Jack Canfield – Should I E-file My Taxes Online

Is e-filing a much better way to record your taxes? 

Americans and the IRS might not agree about everything, but they are largely on precisely the same page when it comes to e-filing individual income tax returns.

The majority of individual income tax returns filed to the IRS are e-filed. 

When you e-file your federal income tax return, you conserve the IRS cash because its workers do not have to spend time manually processing your return. In return, you can find any refund you are owed quicker, especially in the event that you have it directly deposited into your bank accounts.

However, what about security?  And can digital filing really give you access to all the forms that you may need in case you have a intricate tax situation?  Are there situations when you can’t e-file?  Let us look at the advantages of e-filing, and whether it might be the best filing option for your needs.

If you’re Considering e-filing, a Few of the advantages include:

  1. Quick affirmation your forms are obtained: The IRS will confirm a tax filing has been received within one day of digital submission.  For paper filers, the IRS does not send any acknowledgment your forms have arrived . 

    Timely refunds: When you submit a paper filing, it may take six to eight weeks to receive a tax refund.  With e-filing, you’ll receive your money in 3 weeks or not.  Choosing direct deposit can also accelerate the refund procedure.

  2. Reduced chance of mistakes: According to the IRS, there’s around a 1 percent error rate on e-filed yields, compared with a 20% rate of mistakes on paper filings.  The IRS also provides more info on issues discovered on e-filed yields compared with paper yields.

  3. Simple payment procedure: If you owe the IRS money, it is simpler to cover at your convenience if you e-file.  It’s possible to submit returns early and pay later if needed, as long as you pay by the April 15 filing deadline.  And you’re able to schedule electronic funds transfers to send the IRS what you owe on a date of your choosing — again, as long as the IRS receives your payment by Tax Day.
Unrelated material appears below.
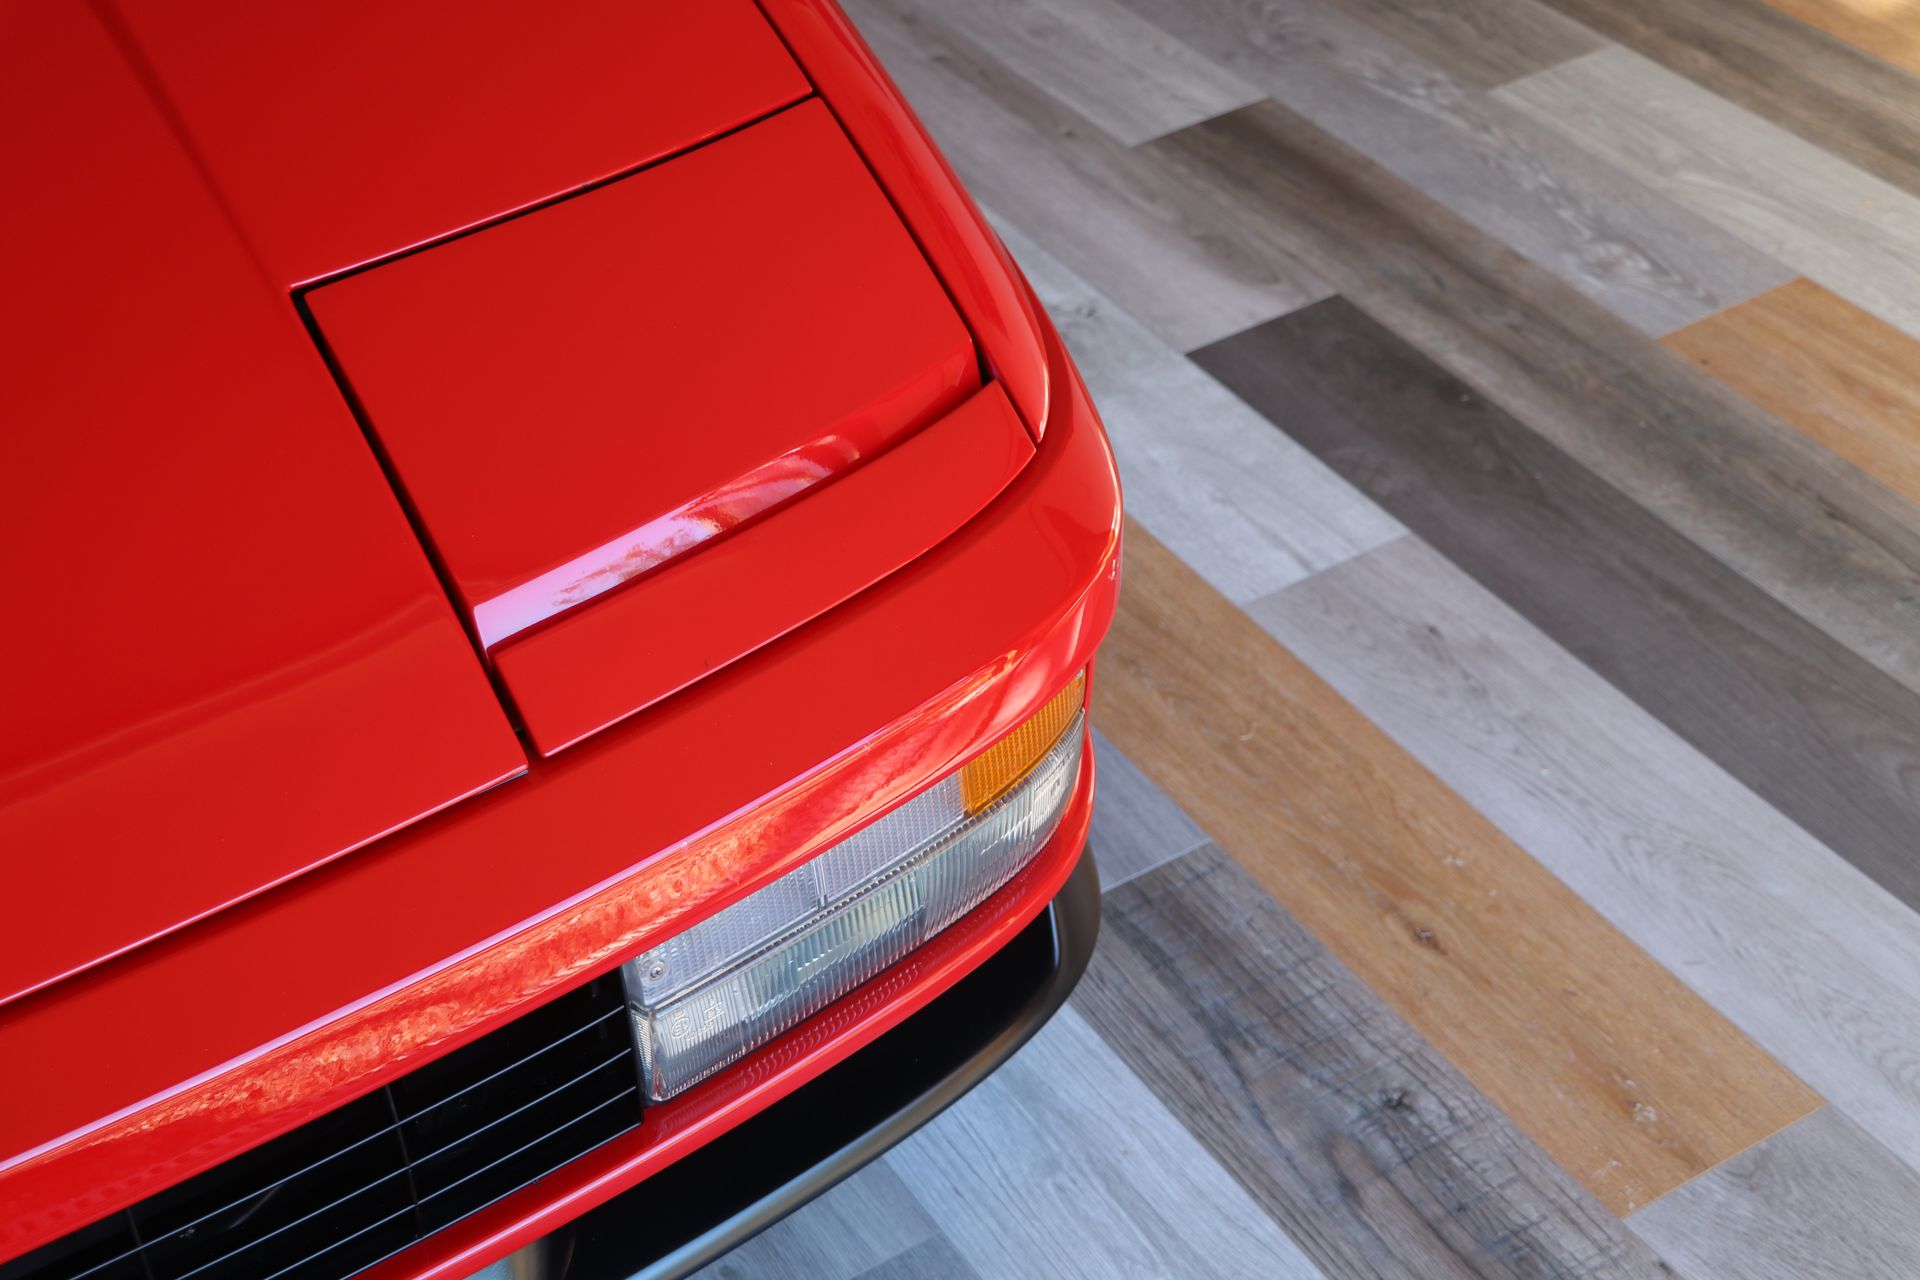 Red Ferrari in storage with laminate flooring

You also have the choice to pay your balance by making use of the IRS Direct pay service from your checking or savings accounts, filing a credit card through a payment processor for a fee, or paying by check or money order.  Just be aware delaying payment following the filing due date (typically April 15) can lead to penalties and interest.

  4. Digital storage of tax information: Submitting returns electronically means there is a digital copy of your tax records.  If something happens to your paperwork, you will have an electronic backup.
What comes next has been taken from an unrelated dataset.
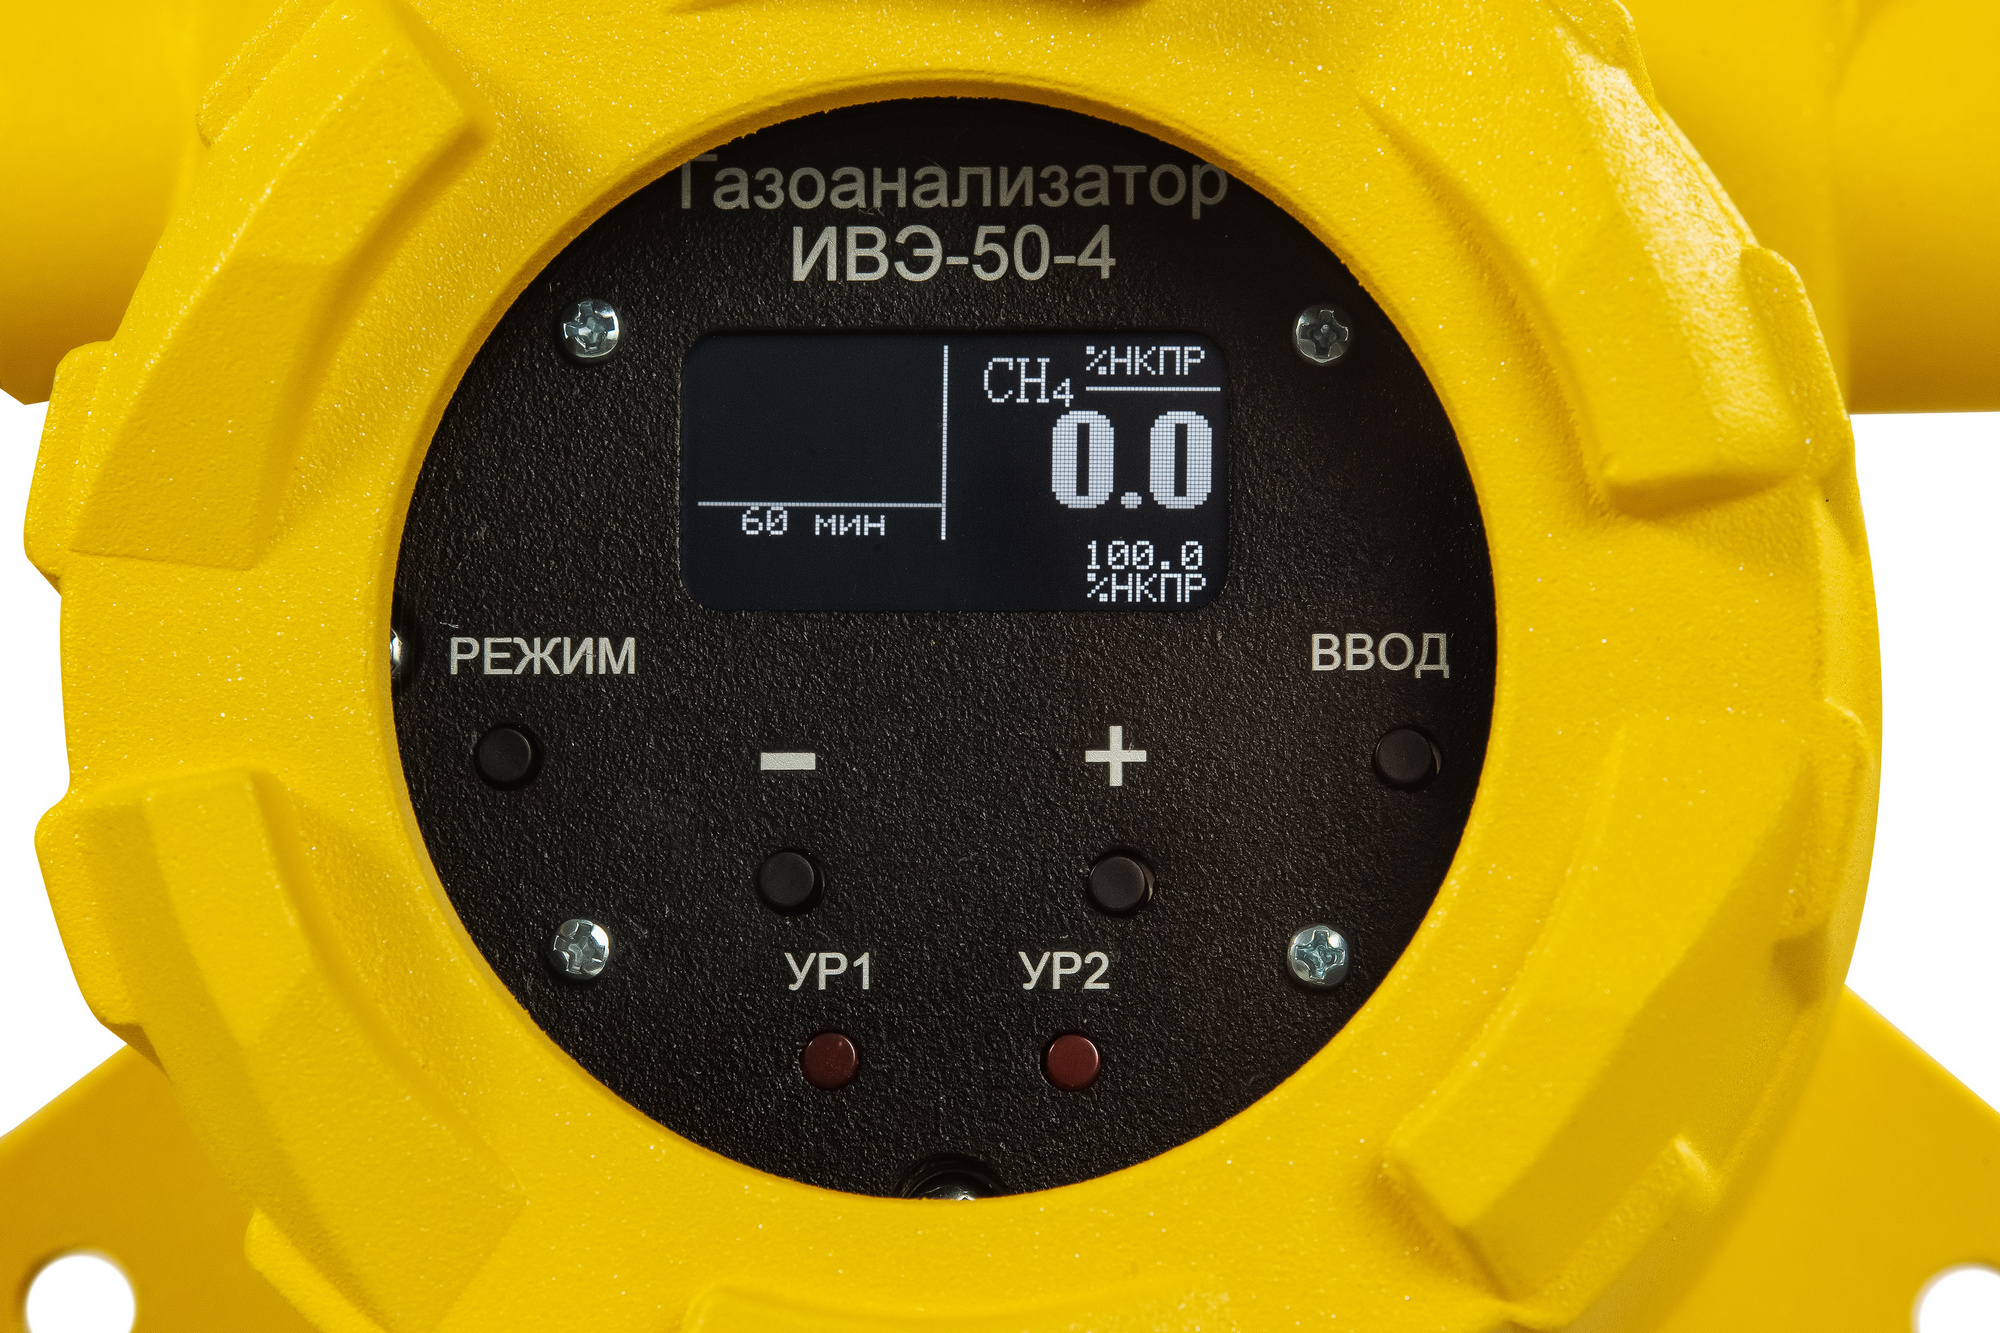 Газоанализатор ИВЭ-50-4.1 (4.2)

The good news: Most taxpayers do decide to e-file and get those benefits — and the process of doing so is easy.

The forms do the math for you and offer standard guidance.  You can only do your federal return with all these forms. 
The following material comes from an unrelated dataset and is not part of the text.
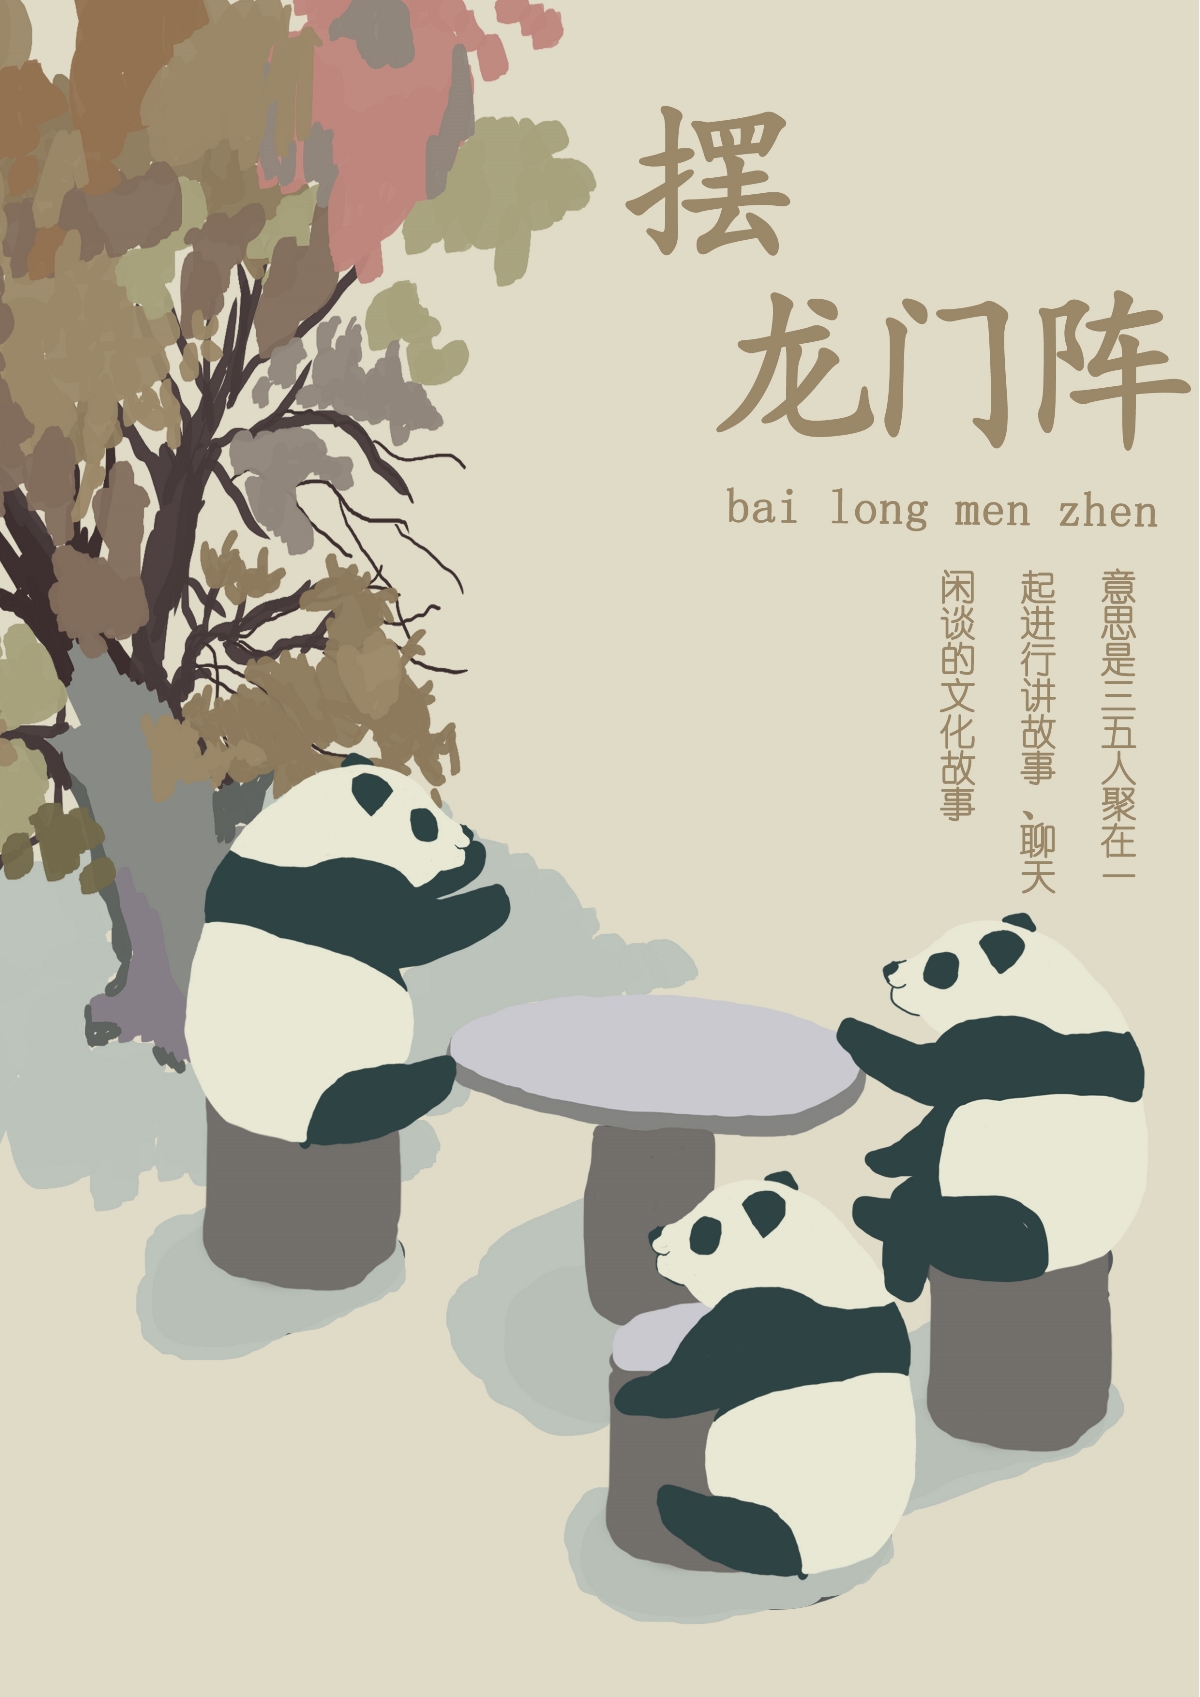 熊猫的川话生活

  • Utilize an online tax preparation service or tax software: Tax prep software and online filing services are options.  These choices are a simple way to complete and e-file your forms.  Some applications providers charge for their apps, Some are liberated.   The software asks you simple questions about your life and finances to steer you through the completion of your types.  
  • Get free, in-person tax aid: In most states, you will find volunteers to help prepare and e-file returns.  But eligibility for free help is typically limited based on income, and a few providers cater to specific demographic groups.  The IRS maintains a record of licensed providers, but be aware this option is likely to be the most costly one. 
  • Using online tax prep software is far and away the preferred approach of most taxpayers.  Actually, the IRS says it expected over four tax returns to be submitted through tax return prep program.

    Is e-filing really secure?

    While e-filing is convenient, you may worry about security — particularly with so many data breaches.  But experts agree this isn’t an issue that should dissuade you by e-filing.

    “In fact, it can be more secure than paper filing as you’re sending your personal information through an encrypted system as opposed to exposing your data in the email.”

    Dennis Chow, vice president of information security at SCIS Security, clarifies that the IRS has put safety measures in place to keep your data secure.  “Trainers normally use IRS particular APIs that need ab sessions,” Chow says.  “All this is routed over TLS encrypted links “

    It’s very important to employ a trustworthy service to assist you record your taxes.  Chow advises to not e-file on a computer or use an online connection that is not private.

    Bottom line

    For many taxpayers, it is sensible to e-file a yield since it is the most convenient way to submit your tax information to the IRS and it allows for timely refunds and effortless payment options.  Just make certain that you use tax planning software from a trusted source, so that you may ensure the information which you provide to transmit to the IRS will be kept secure.